Southern Water had asked regulator Ofwat to approve a 73 per cent rise in household bills over the five years to 2030 before inflation, but in proposals published last week the regulator proposed a 44 per cent increase for Southern. The company can provide services to its 4.2 million customers in the south-east of England at “a lower cost than requested”.
It also ordered the company to rewrite its “inadequate” business plan, saying it did not meet “minimum” standards.
In its annual report last week, From the south revealed that it had given chief executive Lawrence Gosden a £183,000 bonus for the year ended March 31, taking his total pay for the year to £764,000. Stuart Ledger, chief financial officer, received a £128,000 bonus, taking his total pay to £610,000. None of the executives received bonuses in the previous year.
High executive salaries and bonuses in England’s privatised water industry have caused general angerThe industry is responsible for widespread sewage pollution in rivers and seas following decades of underinvestment in vital infrastructure. Southern has faced protests against sewage on beaches including Margate, Whitstable and Brighton.
The UK’s new Labour government is planning legislation to ban bonuses to executives at underperforming water companies.
Southern said 75 per cent of the available bonus was not awarded to Gosden because not all criteria were met.
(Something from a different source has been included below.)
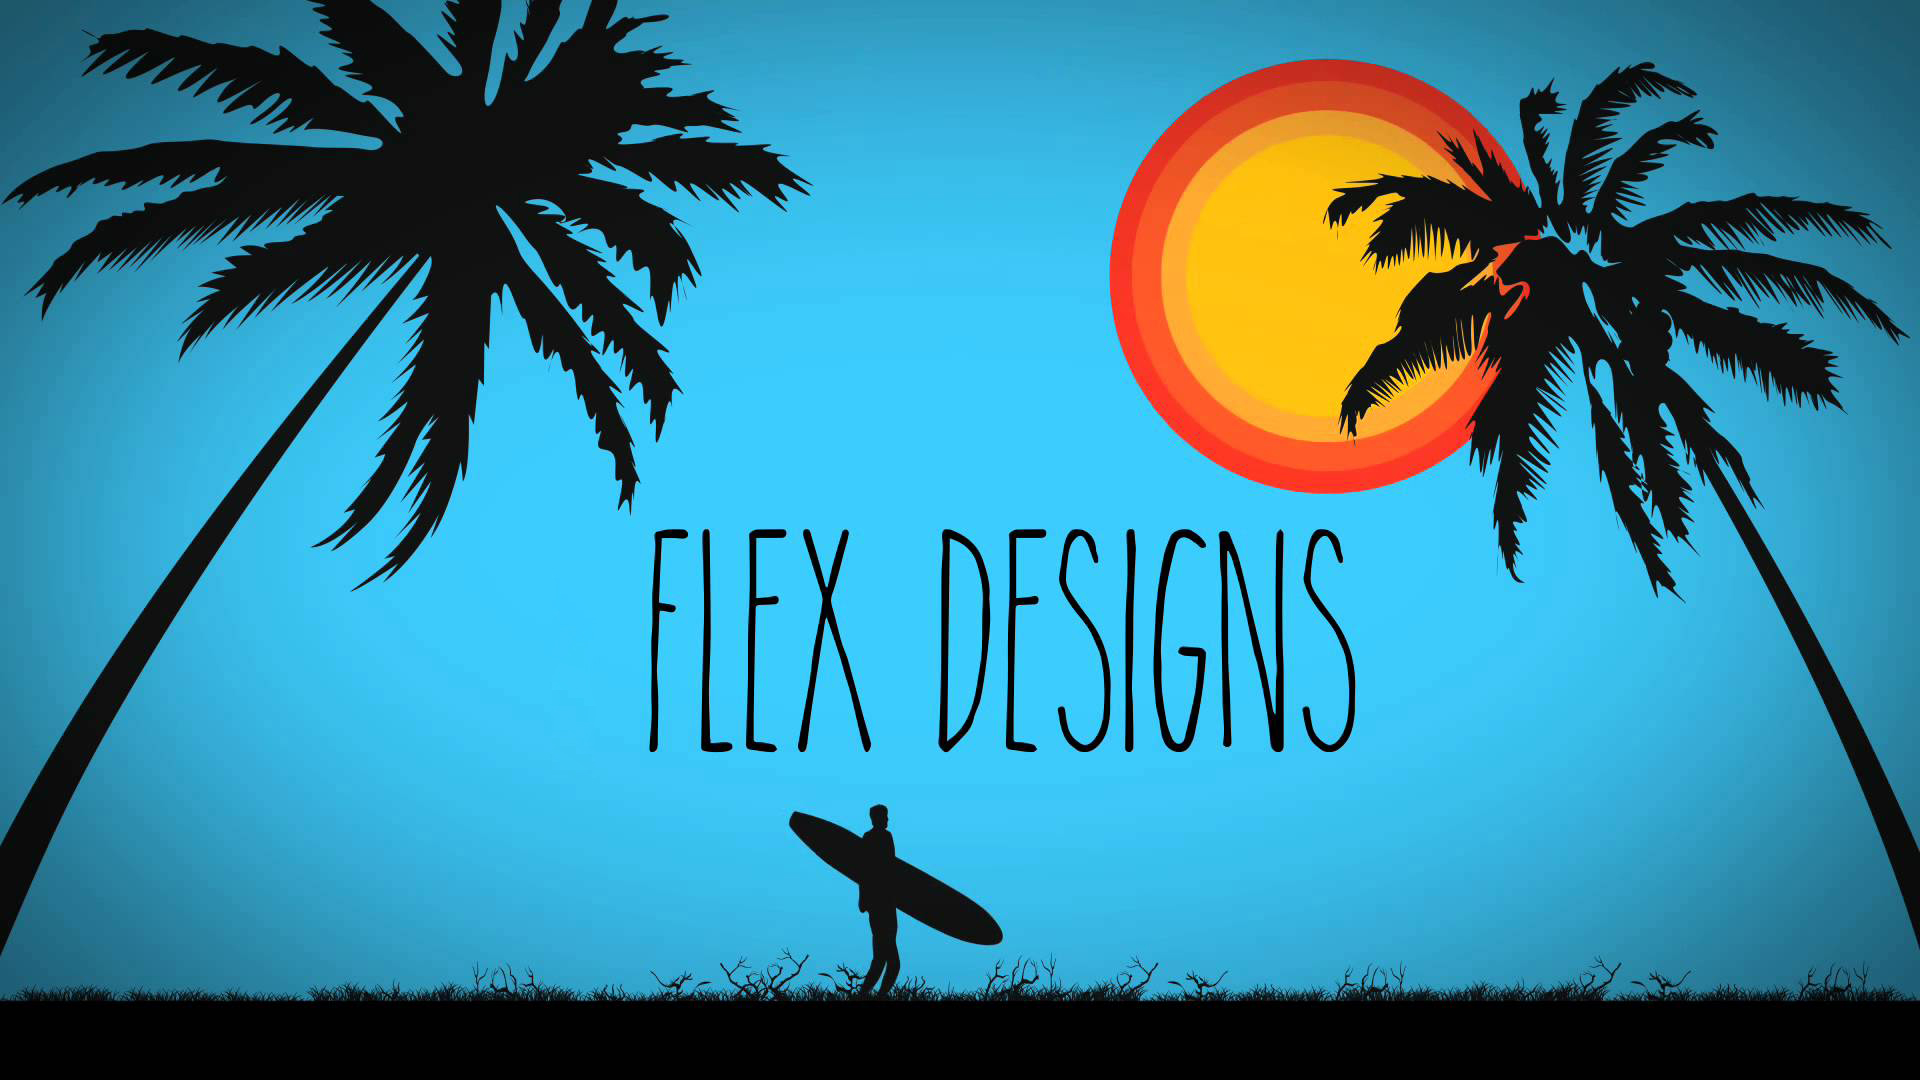 Flex Design

However, it added that the company had made “significant progress in treated water quality, a reduction in overall contamination figures and a decrease in customer complaints”.
As reported to the Financial Times, “partial bonuses would be paid by shareholders rather than coming from customer bills.”
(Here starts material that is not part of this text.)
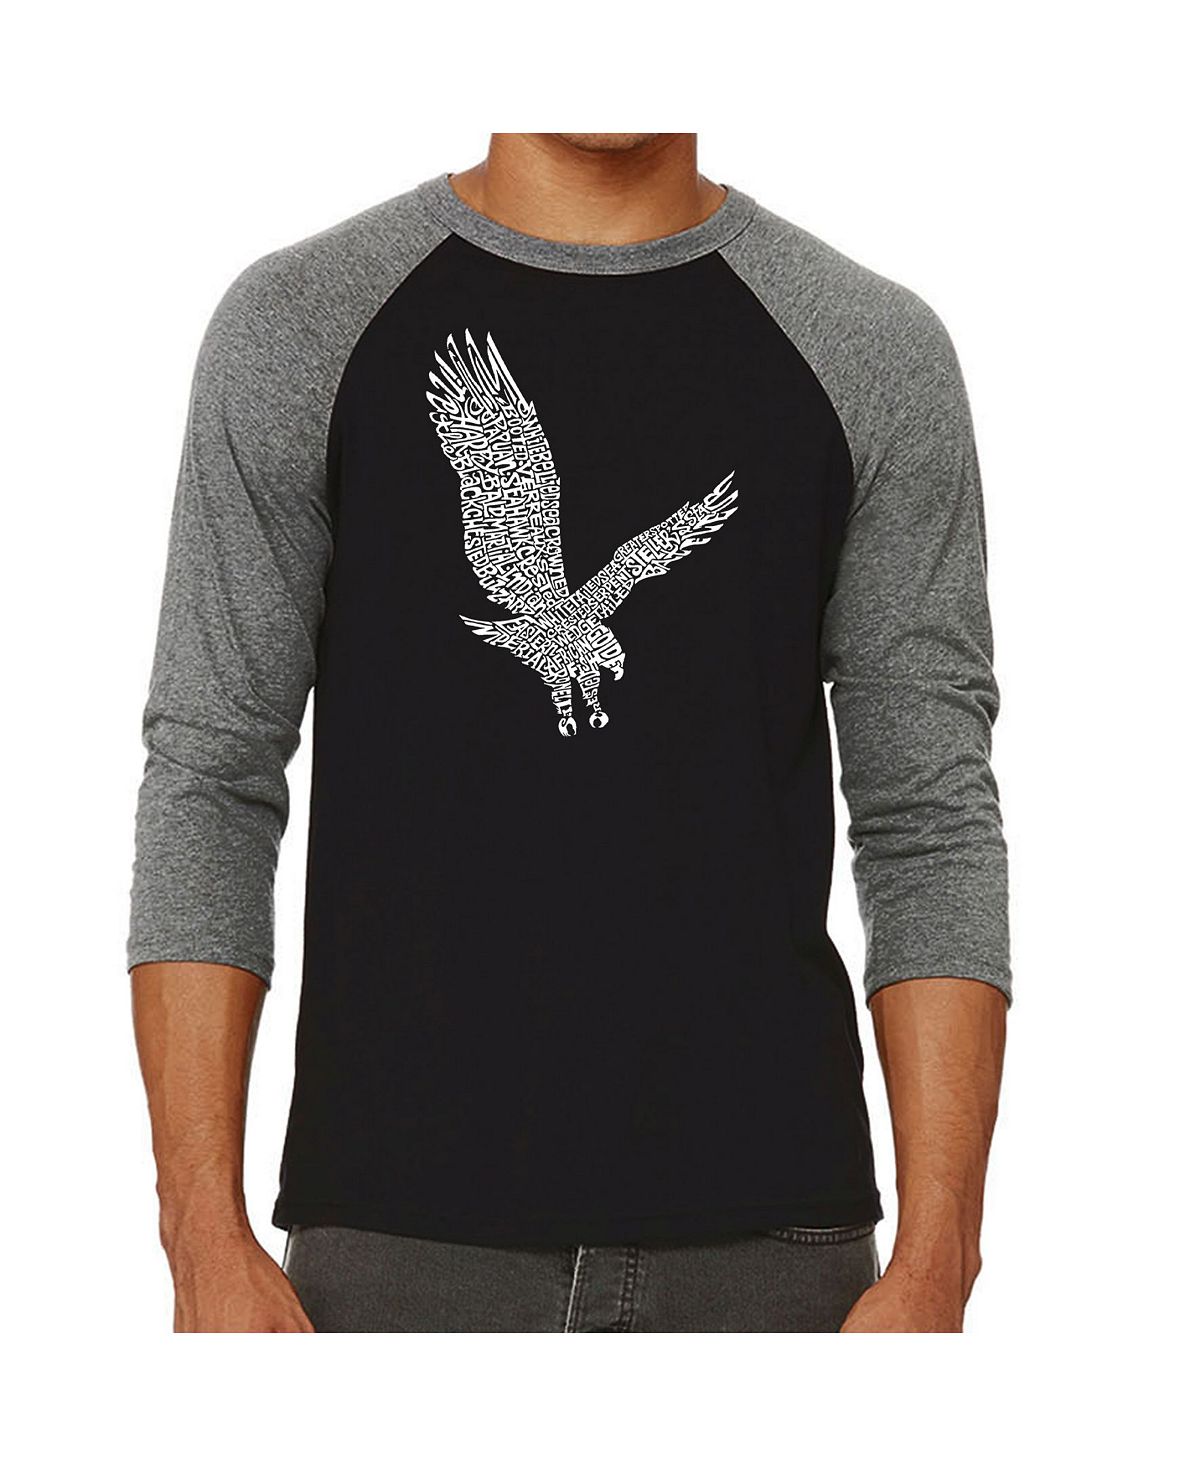 Мужская футболка с надписью eagle и регланом word art LA Pop Art, серый николай орлов

Tim Short, a former investment banker at Credit Suisse First Boston and an expert on water finance, said: “It really doesn’t make sense to say that the bonuses are paid by shareholders rather than customers because, regardless of the source of the funds, the money that leaves the company and goes into the pockets of executives is no longer available for other purposes.”
Southern is majority-owned by Australian investment bank Macquarie, the former owner of Thames Water, a water supplier now struggling with its debt load and the threat of temporary renationalisation.
According to the Consumer Water Council, Ofwat’s proposed increase for Southern would push average household bills from about £451 per household per year to £722 by 2030, once annual inflation of 2 per cent is included. The regulator will make a final decision on how much water companies can raise their prices before the end of the year.
Southern swung from a profit of £202m to a loss of £210.9m in the year to the end of March 2024, as a result of higher energy, labour and financing costs. It is subject to a £54m fine if it fails to resubmit an improved business plan before Christmas. It is also on Ofwat’s list financial health watch listtogether with Thames Water and South East Water.
From the south The credit rating was downgraded in July last year, meaning it is not allowed to pay dividends under Ofwat rules.
The company said in its annual report that it continues to “risk a credit rating downgrade as a result of our poor operating performance and rapidly rising inflation.”
The report also showed that Macquarie and other shareholders injected £375 million of capital into the company in the most recent financial year and that Southern invested £828 million in the water and sewerage network during the same period.
Other water companies have also paid bonuses. Thames Water gave chief executive Chris Weston, who started in the role in January, a £195,000 bonus and a total salary of £437,000 for the three months to the end of March. Severn Trent chief executive Liv Garfield received a £584,000 bonus and a total salary of £3.2m in the year to the end of March.
Macquarie said its “equity funding has enabled Southern Water to significantly increase capital investment in its network and improve its operational performance during this regulatory period.”